# Personal settings ECO mode?



## tonyiiiafl (Sep 8, 2019)

I have a 2019 Tiguan SEL. LOVE IT! However, when setting the personal settings, When I start the vehicle, the transmission shows ECO on the display, but defaults to D or Normal mode on the dash, and drives as such. DOes the car hold the ECO mode setting?


----------



## Reihenmotor5 (Dec 1, 2006)

tonyiiiafl said:


> I have a 2019 Tiguan SEL. LOVE IT! However, when setting the personal settings, When I start the vehicle, the transmission shows ECO on the display, but defaults to D or Normal mode on the dash, and drives as such. DOes the car hold the ECO mode setting?


No, by default the car will go back to Drive. If you want to keep it in Eco make your changes in Custom. Even though the MIB will still show ECO in the top left corner, it’s a known bug. 

If you make your changes in Custom, the car will stay in Custom and to the settings of your liking. 


Sent while on the run


----------



## tonyiiiafl (Sep 8, 2019)

*ECO*

Thank you!!!!!


----------



## shinerb (Apr 3, 2012)

Good points above.

A little off topic but I notice the following things in a 2019 SE. Curious if these are in line with what other 2019 owners experience.
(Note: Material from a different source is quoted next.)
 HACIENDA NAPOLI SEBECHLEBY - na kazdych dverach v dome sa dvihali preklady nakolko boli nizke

*Eco: *most refined engine noise

*Normal:* going from 1st to 2nd sounds the harshest and possibly the slowest (close call with Eco Mode)
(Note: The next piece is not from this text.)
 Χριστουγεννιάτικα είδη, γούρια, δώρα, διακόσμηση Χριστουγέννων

*Sport:* quickest off the line, quickest gear changes and less refined than Eco but much more refined than Normal


----------



## Reihenmotor5 (Dec 1, 2006)

shinerb said:


> Good points above.
> 
> A little off topic but I notice the following things in a 2019 SE. Curious if these are in line with what other 2019 owners experience.
> 
> ...


Can confirm


Sent while on the run


----------



## Terry231194 (Dec 30, 2020)

Reihenmotor5 said:


> No, by default the car will go back to Drive. If you want to keep it in Eco make your changes in Custom. Even though the MIB will still show ECO in the top left corner, it’s a known bug.
> 
> If you make your changes in Custom, the car will stay in Custom and to the settings of your liking.
> 
> ...


I have a 2020 Tiguan SEL 4motion and I have the same issue when I went to my dealer and asked about it they told me that all VW wil do that because there was a law suite against the VW because people didn’t know if they were on park or drive when they started the car and it said E or S. So it’s still will show D but it’s should drive on what ever mode were pre set.


----------



## JB4532 (Dec 16, 2020)

The transmission always defaults to Normal at startup because this is the mode that was tested for government emissions/mileage requirements. (The emissions and mileage tests are the same tests. They use a standard fuel and then backward calculate the fuel economy off of the emissions results.) If Volkswagen were going to let you default the transmission to Eco or Sport, in addition to Normal, they would have to pay to run three sets of tests and then average them, which they presumably are not going to do. You can easily verify for yourself at startup that the transmission is not in Eco mode by moving the shifter over to manual and you will see that you are in 1st gear. If the transmission were actually in Eco mode, you would be in 2nd gear at startup. Eco always starts from a standstill in 2nd gear whereas Normal and Sport start from a standstill in 1st.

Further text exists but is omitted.